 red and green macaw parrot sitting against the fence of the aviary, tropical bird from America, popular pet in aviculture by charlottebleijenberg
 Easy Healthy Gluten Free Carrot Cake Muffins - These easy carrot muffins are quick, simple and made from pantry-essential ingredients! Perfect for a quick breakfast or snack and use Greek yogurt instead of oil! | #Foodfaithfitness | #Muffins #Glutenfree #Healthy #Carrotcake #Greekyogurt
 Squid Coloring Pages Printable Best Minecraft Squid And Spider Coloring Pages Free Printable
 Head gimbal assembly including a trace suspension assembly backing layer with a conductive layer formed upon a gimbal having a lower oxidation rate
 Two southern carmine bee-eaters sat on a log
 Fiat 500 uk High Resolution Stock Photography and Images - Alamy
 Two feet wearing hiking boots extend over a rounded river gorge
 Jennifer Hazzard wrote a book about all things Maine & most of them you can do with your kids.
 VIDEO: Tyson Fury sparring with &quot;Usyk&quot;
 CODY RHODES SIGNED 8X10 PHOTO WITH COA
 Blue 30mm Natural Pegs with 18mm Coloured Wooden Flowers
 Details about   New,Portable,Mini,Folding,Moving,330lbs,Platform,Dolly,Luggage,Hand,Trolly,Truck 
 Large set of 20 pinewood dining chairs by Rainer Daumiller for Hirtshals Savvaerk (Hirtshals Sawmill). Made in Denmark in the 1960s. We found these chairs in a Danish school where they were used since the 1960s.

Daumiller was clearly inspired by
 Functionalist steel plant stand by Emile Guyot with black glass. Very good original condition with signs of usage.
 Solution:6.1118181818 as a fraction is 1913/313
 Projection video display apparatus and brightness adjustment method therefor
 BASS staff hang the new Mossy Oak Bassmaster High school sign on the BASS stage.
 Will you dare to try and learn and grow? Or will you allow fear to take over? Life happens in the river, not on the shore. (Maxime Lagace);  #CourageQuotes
■ ■ ■ ■ ■
▶ [Instructions for the task]:
So that nothing differs from the original, transcribe all of the records above.

▶ [Task answer]:
 red and green macaw parrot sitting against the fence of the aviary, tropical bird from America, popular pet in aviculture by charlottebleijenberg
 Easy Healthy Gluten Free Carrot Cake Muffins - These easy carrot muffins are quick, simple and made from pantry-essential ingredients! Perfect for a quick breakfast or snack and use Greek yogurt instead of oil! | #Foodfaithfitness | #Muffins #Glutenfree #Healthy #Carrotcake #Greekyogurt
 Squid Coloring Pages Printable Best Minecraft Squid And Spider Coloring Pages Free Printable
 Head gimbal assembly including a trace suspension assembly backing layer with a conductive layer formed upon a gimbal having a lower oxidation rate
 Two southern carmine bee-eaters sat on a log
 Fiat 500 uk High Resolution Stock Photography and Images - Alamy
 Two feet wearing hiking boots extend over a rounded river gorge
 Jennifer Hazzard wrote a book about all things Maine & most of them you can do with your kids.
 VIDEO: Tyson Fury sparring with &quot;Usyk&quot;
 CODY RHODES SIGNED 8X10 PHOTO WITH COA
 Blue 30mm Natural Pegs with 18mm Coloured Wooden Flowers
 Details about   New,Portable,Mini,Folding,Moving,330lbs,Platform,Dolly,Luggage,Hand,Trolly,Truck 
 Large set of 20 pinewood dining chairs by Rainer Daumiller for Hirtshals Savvaerk (Hirtshals Sawmill). Made in Denmark in the 1960s. We found these chairs in a Danish school where they were used since the 1960s.

Daumiller was clearly inspired by
 Functionalist steel plant stand by Emile Guyot with black glass. Very good original condition with signs of usage.
 Solution:6.1118181818 as a fraction is 1913/313
 Projection video display apparatus and brightness adjustment method therefor
 BASS staff hang the new Mossy Oak Bassmaster High school sign on the BASS stage.
 Will you dare to try and learn and grow? Or will you allow fear to take over? Life happens in the river, not on the shore. (Maxime Lagace);  #CourageQuotes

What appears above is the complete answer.